Any assistance would be greatly appreciated. Thank you!
Here's how I would do the first part (if I weren't using regex):
import string
LOWERCASE = set(string.ascii_lowercase)
def plus_surrounds(s):
"""Return True if `+` surrounds a single ascii lowercase letter."""
# initialize to 0 -- The first time through the loop is guaranteed not
# to find anything, but it will initialize `idx1` and `idx2` for us.
# We could actually make this more efficient by factoring out
# the first 2 `find` operations (left as an exercise).
idx2 = idx1 = 0
# if the indices are negative, we hit the end of the string.

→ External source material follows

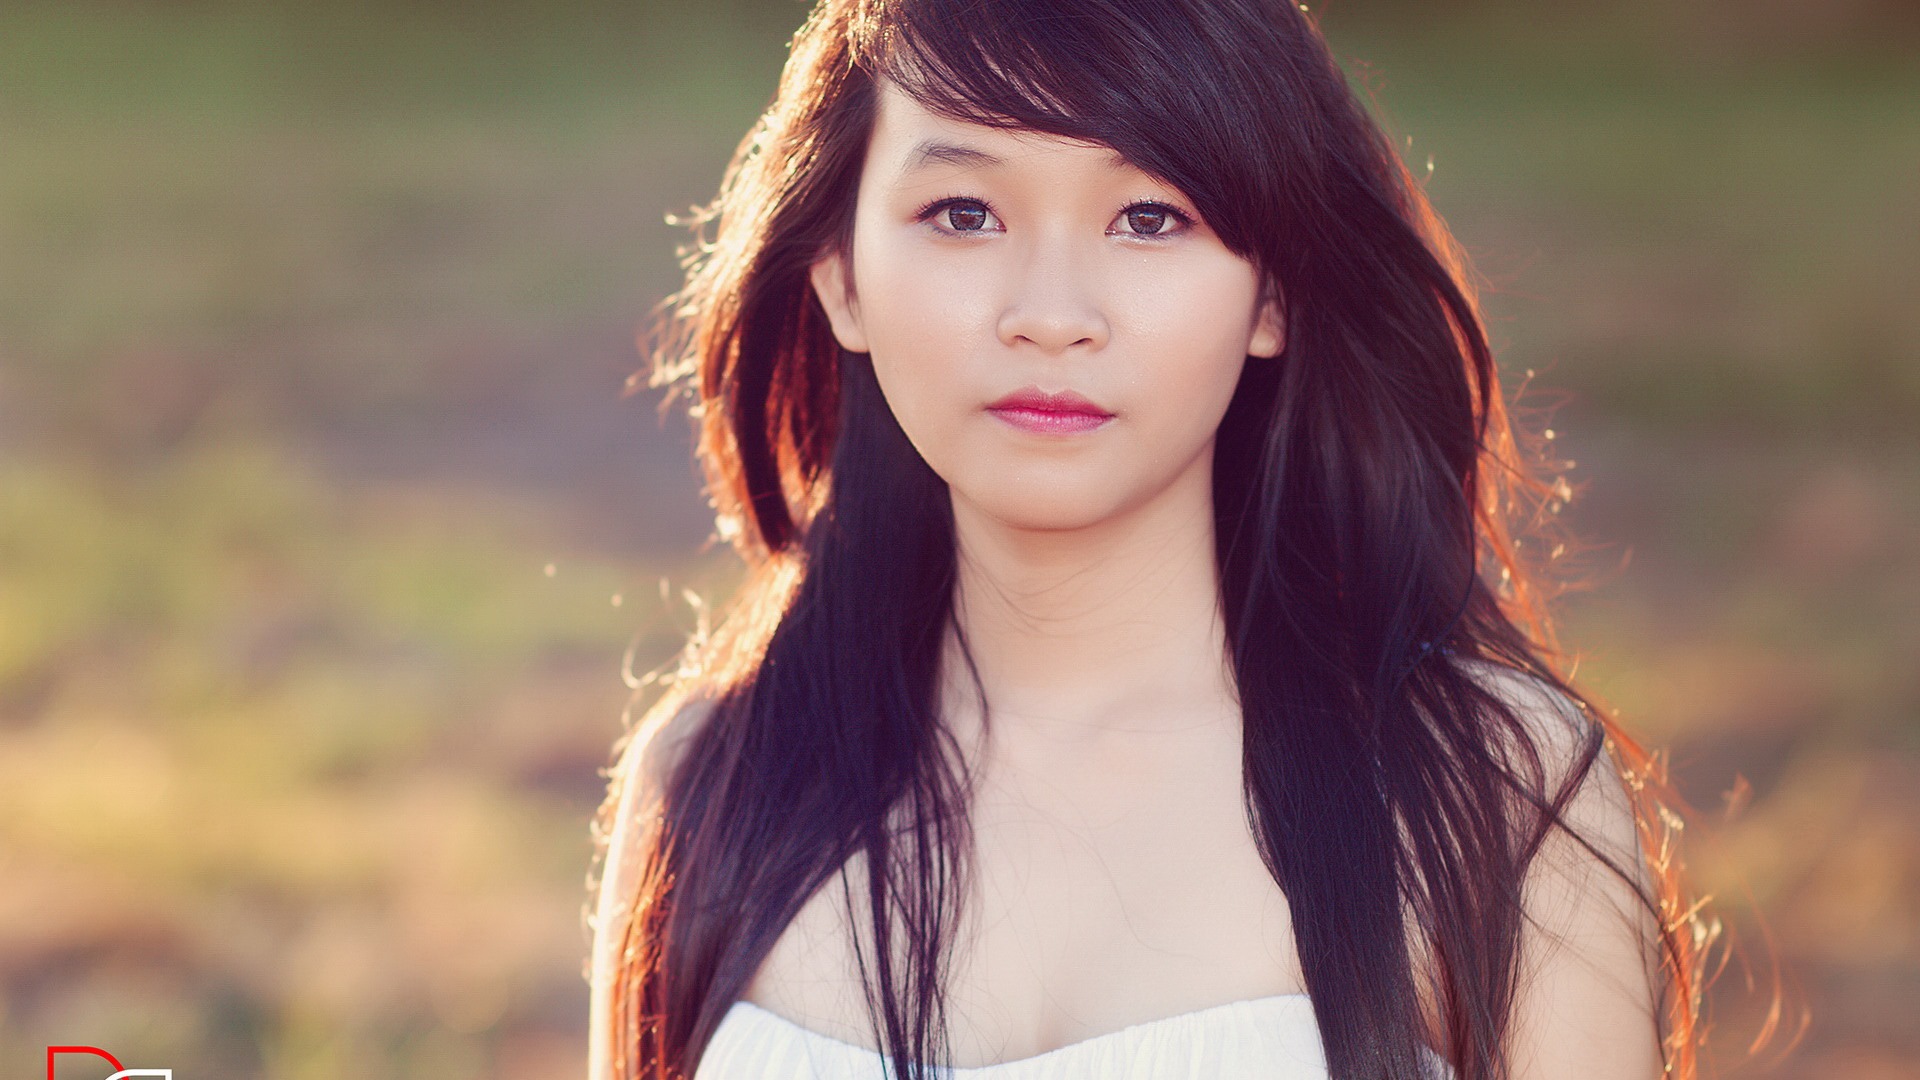 Pure and lovely young Asian girl HD wallpapers collection (4) #25 - 1920x1080

while idx2 >= 0 and idx1 >= 0:
# if they're 2 spaces apart, check the character between them
# otherwise, keep going.
if (idx2 - idx1 == 2) and (s[idx1+1] in LOWERCASE):
return True
idx1 = s.find('+', idx2)
idx2 = s.find('+', max(idx1+1, 0))
return False
assert plus_surrounds('s+s+s')
assert plus_surrounds('+s+')
assert not plus_surrounds('+aa+')
I think that if you study this code and understand it, you should be able to get the second part without too much trouble.
More of a note than an answer, but I wanted to mention regular expressions as a solution not because it's the right one for your scenario (this looks distinctly homework-ish so I understand you're almost certainly not allowed to use regex) but just to ingrain upon you early that in Python, almost EVERYTHING is solved by import foo.
import re
def SimpleSymbols(target):
return not (re.search(r"[^a-zA-Z+=]",target) and re.search(r"(?<!\+)\w|\w(?!\+)",target))